● **WHAT YOU WILL DO**: Look below for the lines from the one with "Taller de Abalorios flamencos" to the one with "النساء Hanfu بيع", and copy exactly those lines, both ends included.

● **DATA FOR THIS TASK**:
↓↓↓

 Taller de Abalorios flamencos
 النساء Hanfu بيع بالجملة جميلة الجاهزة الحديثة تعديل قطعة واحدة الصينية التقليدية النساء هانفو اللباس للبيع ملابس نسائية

↑↑↑
↓↓↓

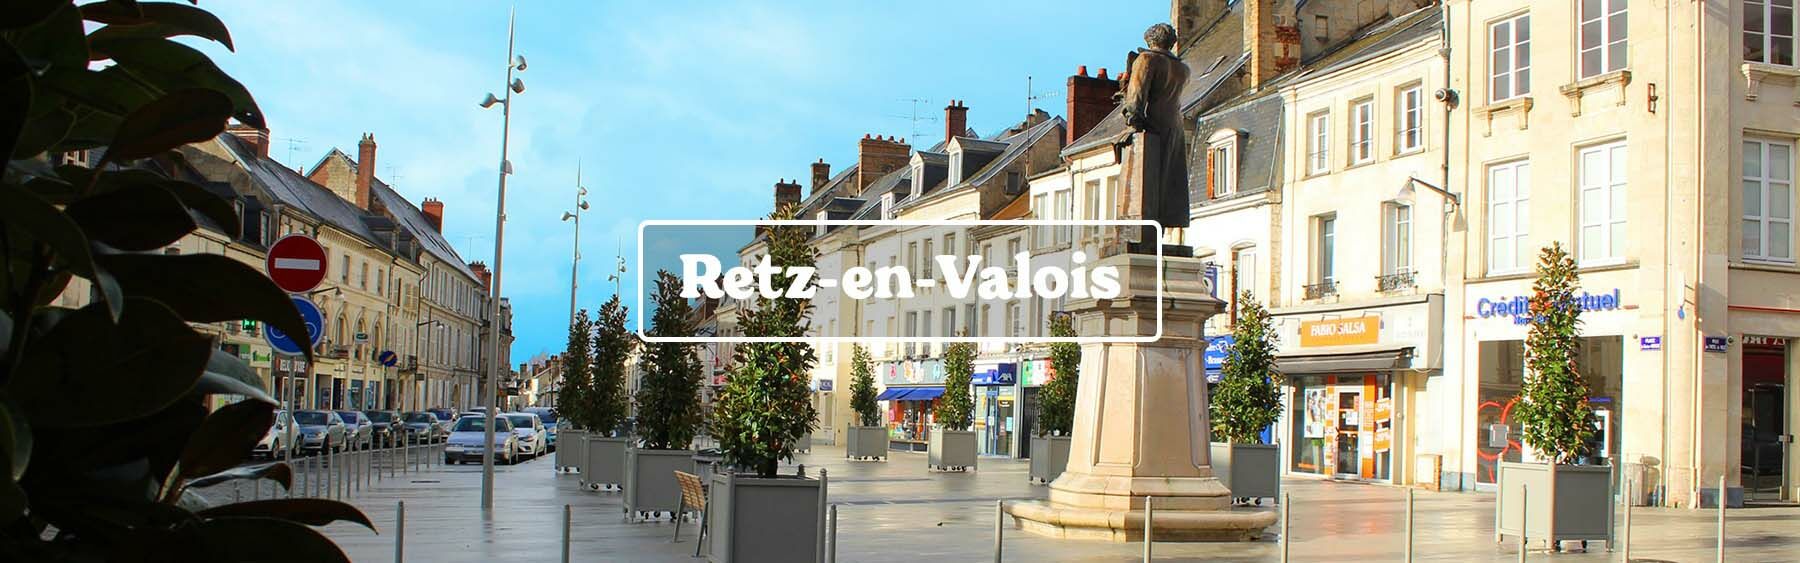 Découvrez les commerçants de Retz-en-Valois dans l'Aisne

↑↑↑
↓↓↓

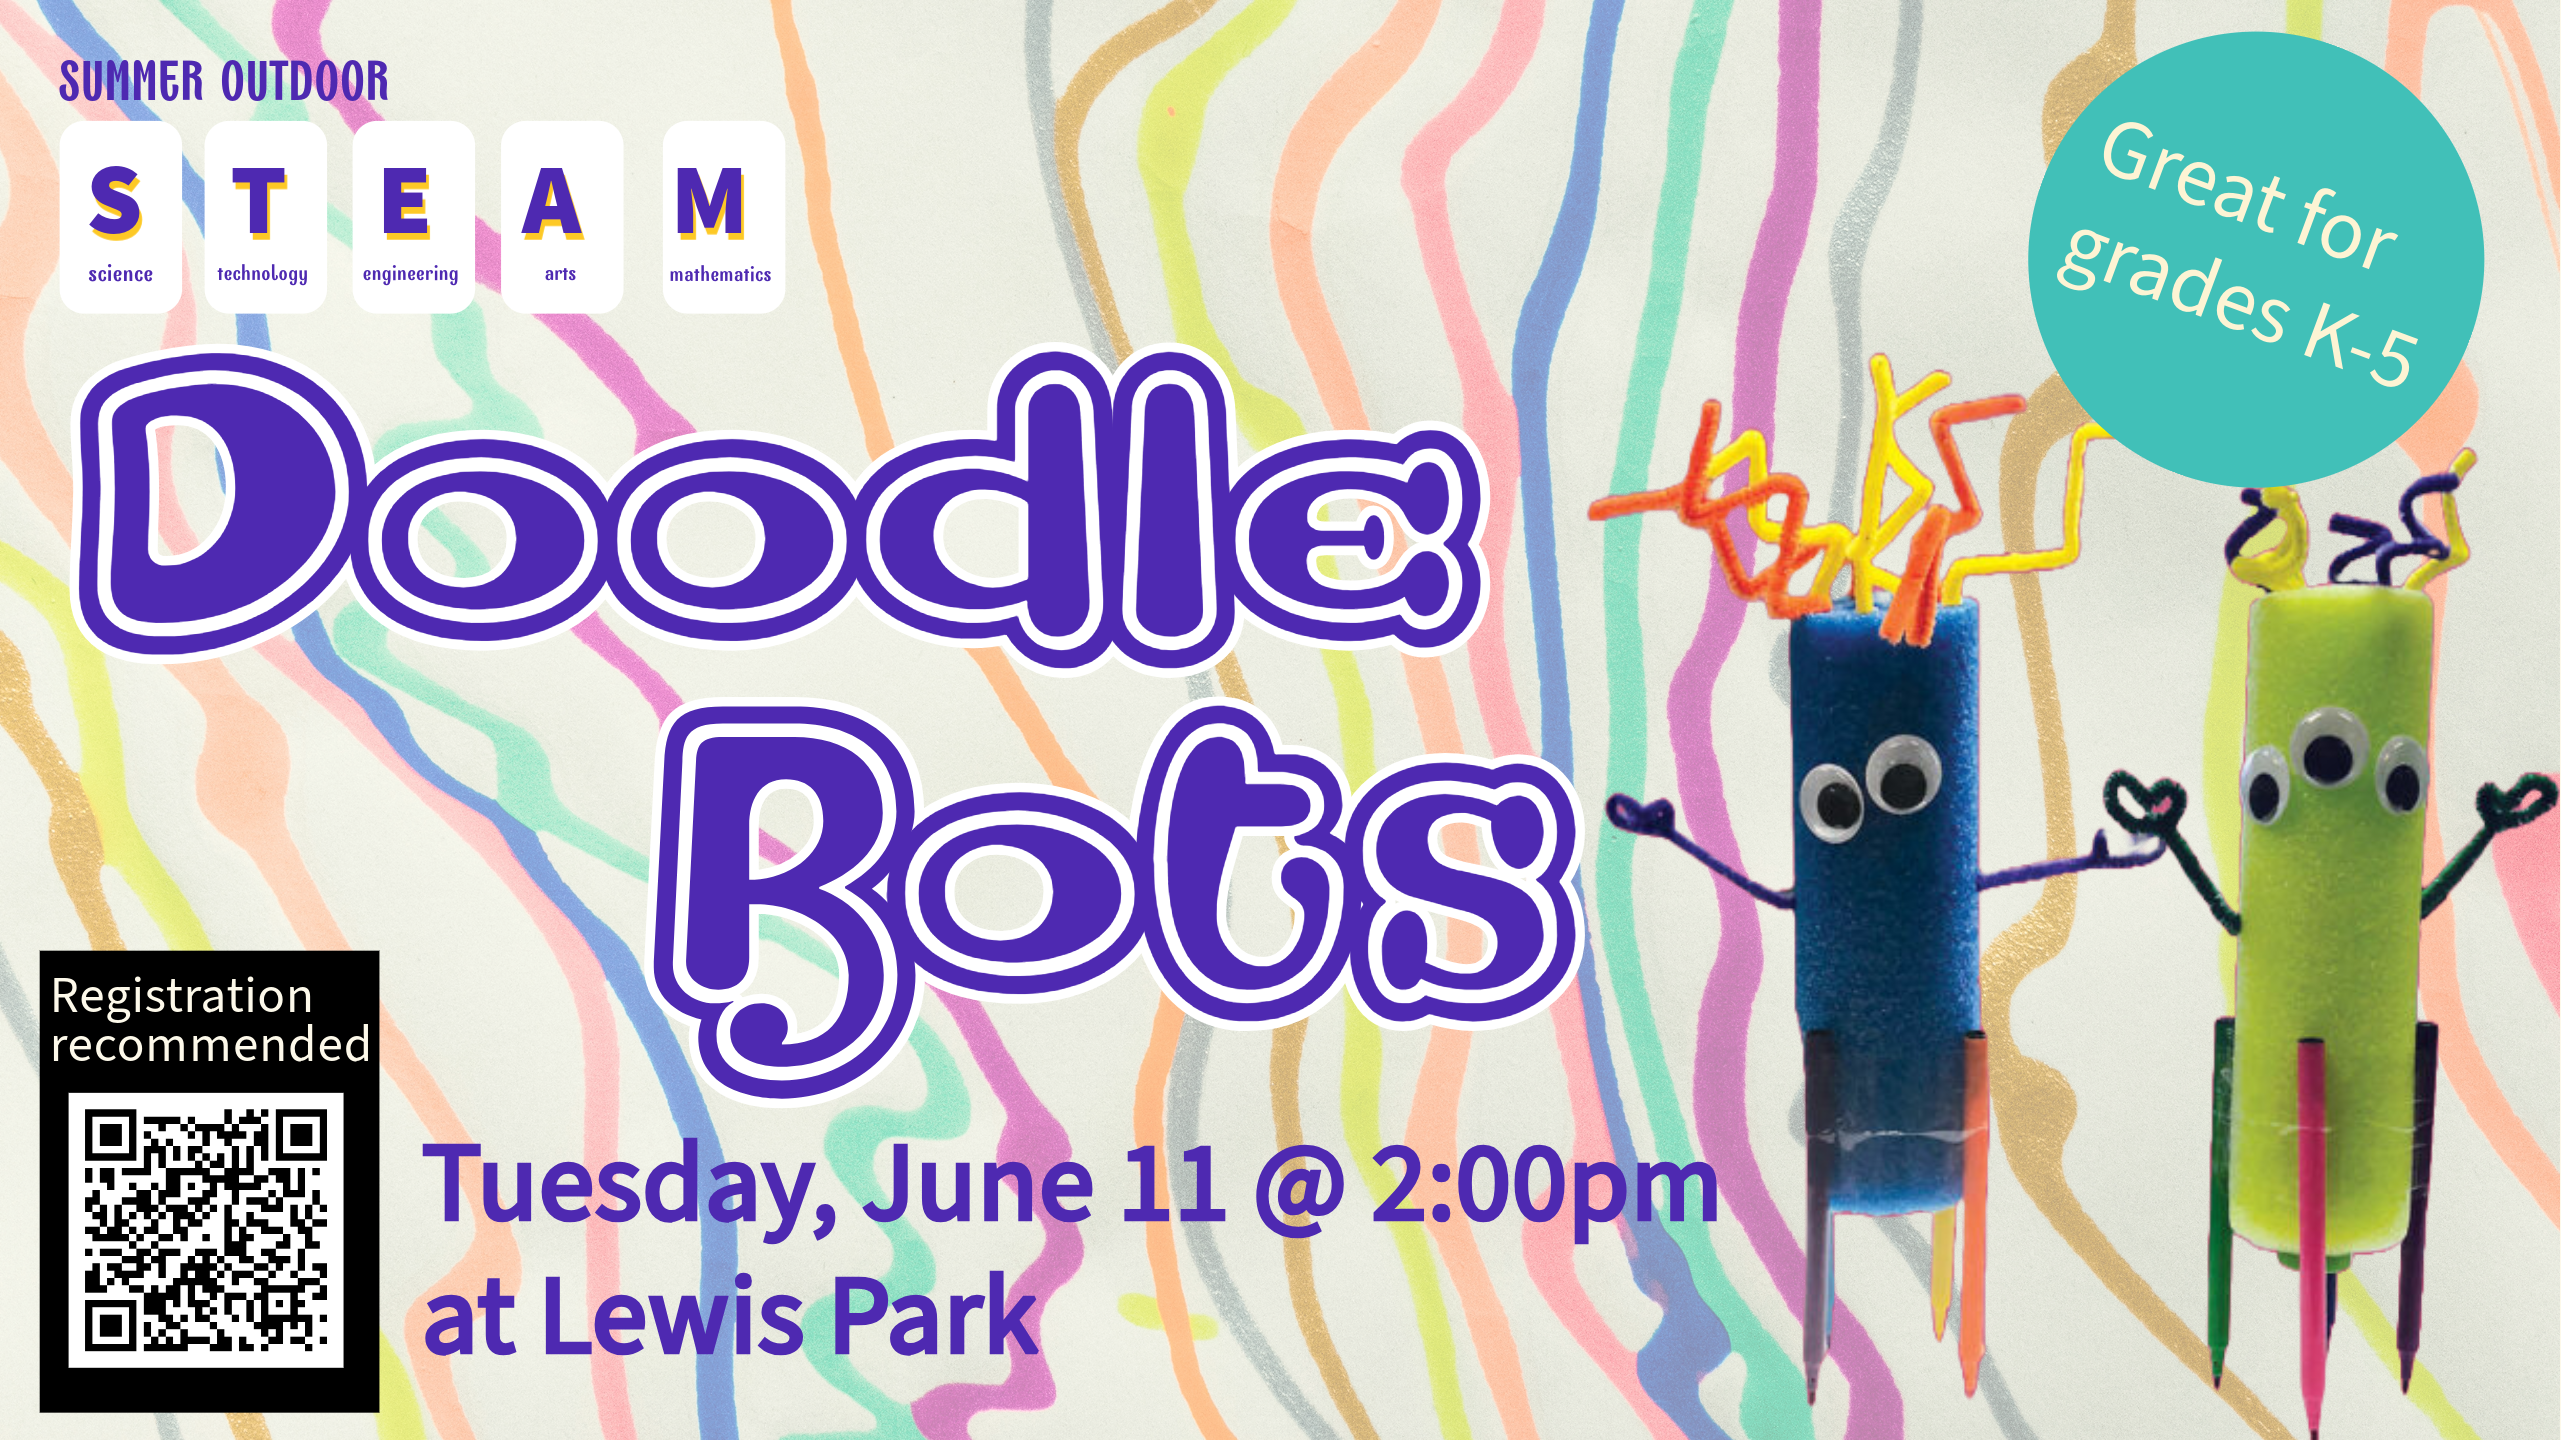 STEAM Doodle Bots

↑↑↑

● **EXERCISE SOLUTION**:
 Taller de Abalorios flamencos
 النساء Hanfu بيع بالجملة جميلة الجاهزة الحديثة تعديل قطعة واحدة الصينية التقليدية النساء هانفو اللباس للبيع ملابس نسائية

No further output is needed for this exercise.